━━━━━ Excerpted data ━━━━━
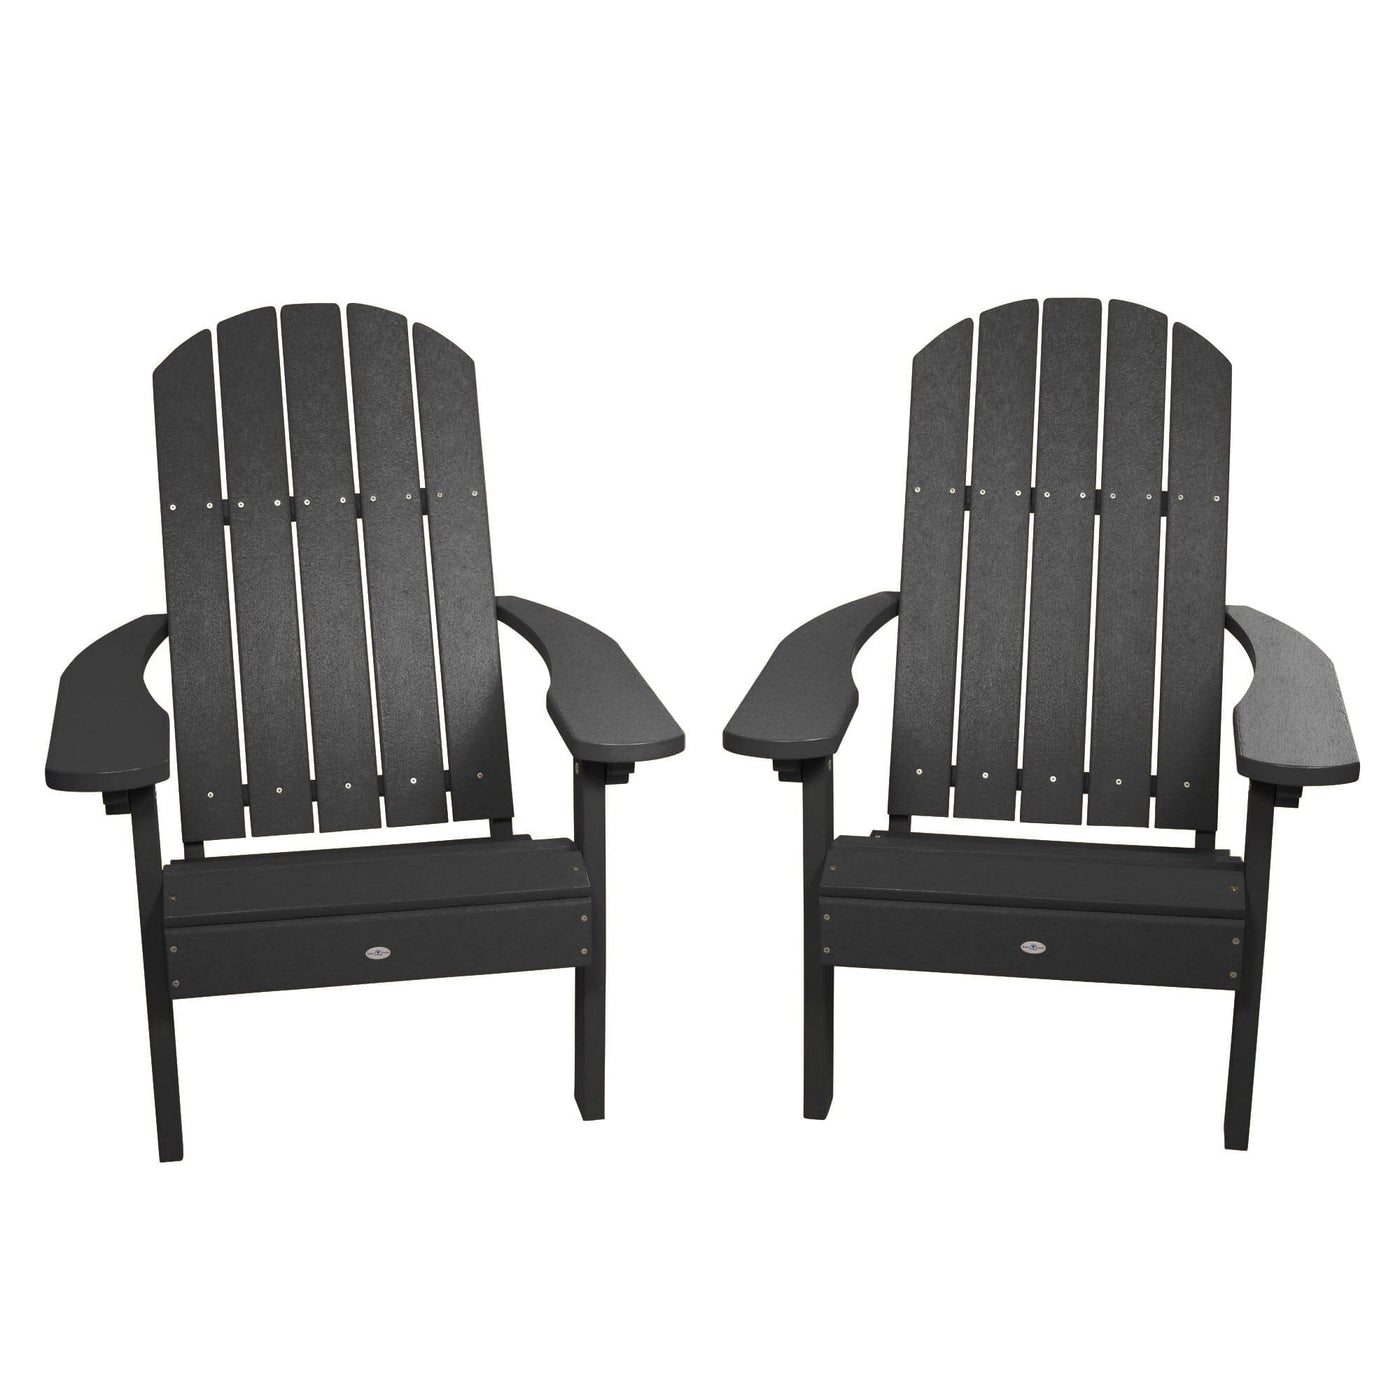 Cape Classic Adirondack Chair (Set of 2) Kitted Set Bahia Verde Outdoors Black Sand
━━━━━
━━━━━ Excerpted data ━━━━━
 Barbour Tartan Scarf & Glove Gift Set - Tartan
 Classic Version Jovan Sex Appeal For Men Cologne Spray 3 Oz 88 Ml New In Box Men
━━━━━
━━━━━ Excerpted data ━━━━━
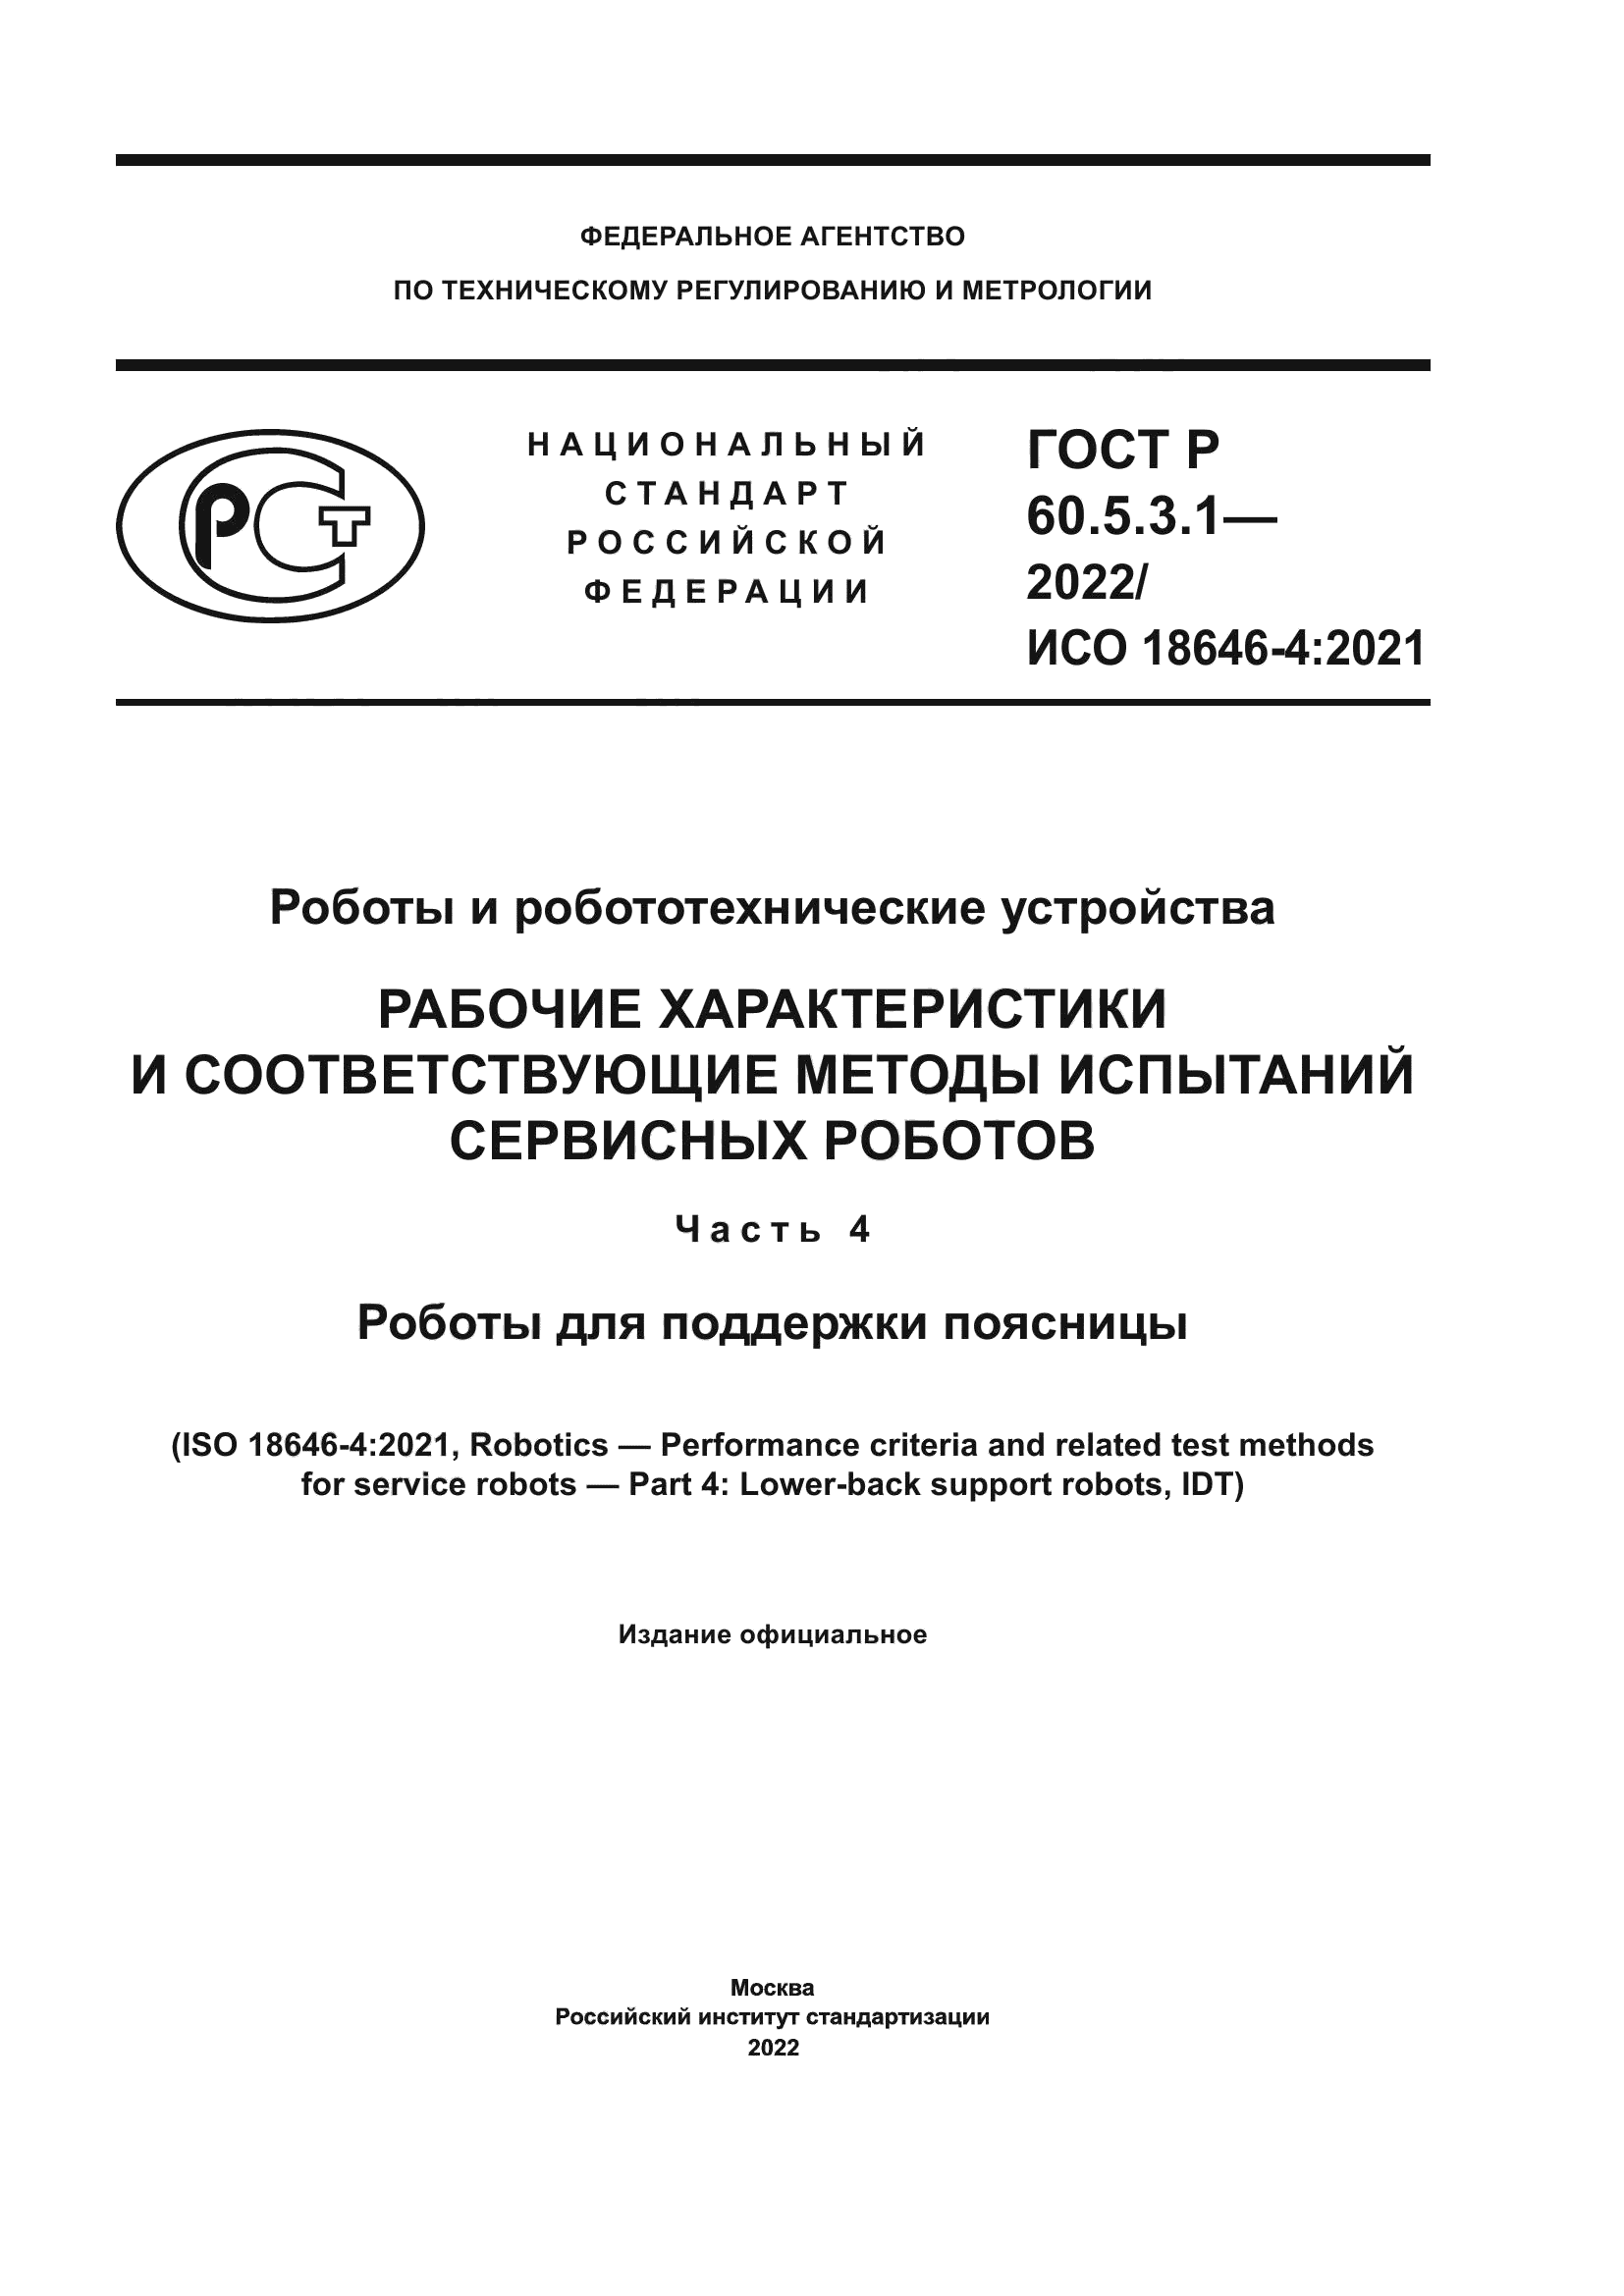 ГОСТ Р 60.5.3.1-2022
━━━━━
Task item: Please copy, exactly and with nothing else, the lines above beginning at the line that has "Barbour Tartan Scarf" and ending with the line that has "Classic Version Jovan".

Exercise answer:
 Barbour Tartan Scarf & Glove Gift Set - Tartan
 Classic Version Jovan Sex Appeal For Men Cologne Spray 3 Oz 88 Ml New In Box Men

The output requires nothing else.